В то же время следует учесть, что, по мнению Суда, проверка законности не ограничена названными критериями. Она может осуществляться с учетом особенностей каждого конкретного дела. Уровень детализации, предписанный принципом законности, зависит от меры наблюдения или технологии, о которой идет речь. Суд различает дела, в которых наблюдение создает проблемы в личной жизни человека (например, прослушивание телефонных разговоров и наблюдение за телекоммуникациями), и случаи, когда вмешательство имеет меньшую интенсивность (например, надзор за GPS). В первом случае национальное право должно гарантировать высокую степень детализации с указанием упомянутых критериев. В последнем же случае порог, который следует соблюсти для обеспечения законности, ниже, чем уровень детализации, требуемый национальным законодательством. В деле "Uzun v. Germany"34 Суд аргументировал, что использование GPS не является ни визуальным, ни акустическим наблюдением и менее подвержено вмешательству посредством раскрытия поведения, мнений или чувств человека. Следовательно, нет необходимости соответствовать названным критериям, достаточно лишь гарантировать общую защиту от произвольного вмешательства. Суд подчеркнул, что это более общий критерий законности и "зависит от всех обстоятельств дела, таких как характер, объем и продолжительность возможных мер, основания, необходимые для их применения, органов, уполномоченных разрешать, осуществлять и контролировать их, вид средства правовой защиты, предусмотренный по национальному праву"35.

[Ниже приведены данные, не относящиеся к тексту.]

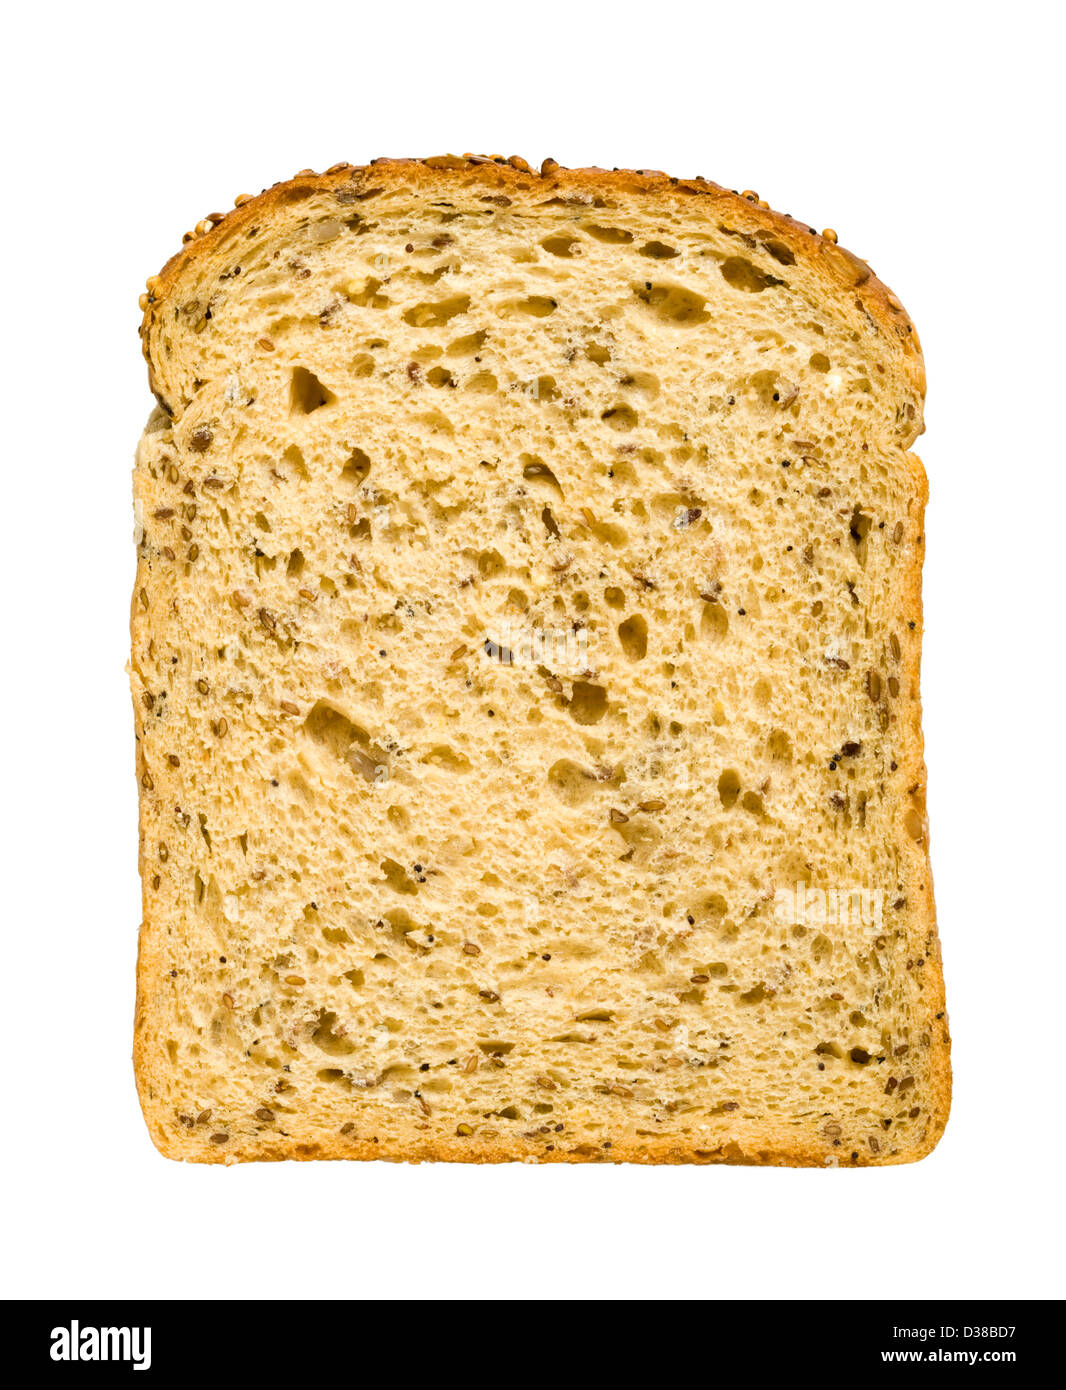 Brown (wholemeal) bread slice. Stock Photo

В юридической литературе отмечалось, что презумпция невиновности тесно связана со всеми без исключения принципами судопроизводства. С этой точки зрения соблюдение принципа законности при применении наблюдения, как и других мер, сопряженных с вмешательством в частную жизнь, в случаях уголовного преследования распространяется на функцию обвинения по доказыванию виновности лица.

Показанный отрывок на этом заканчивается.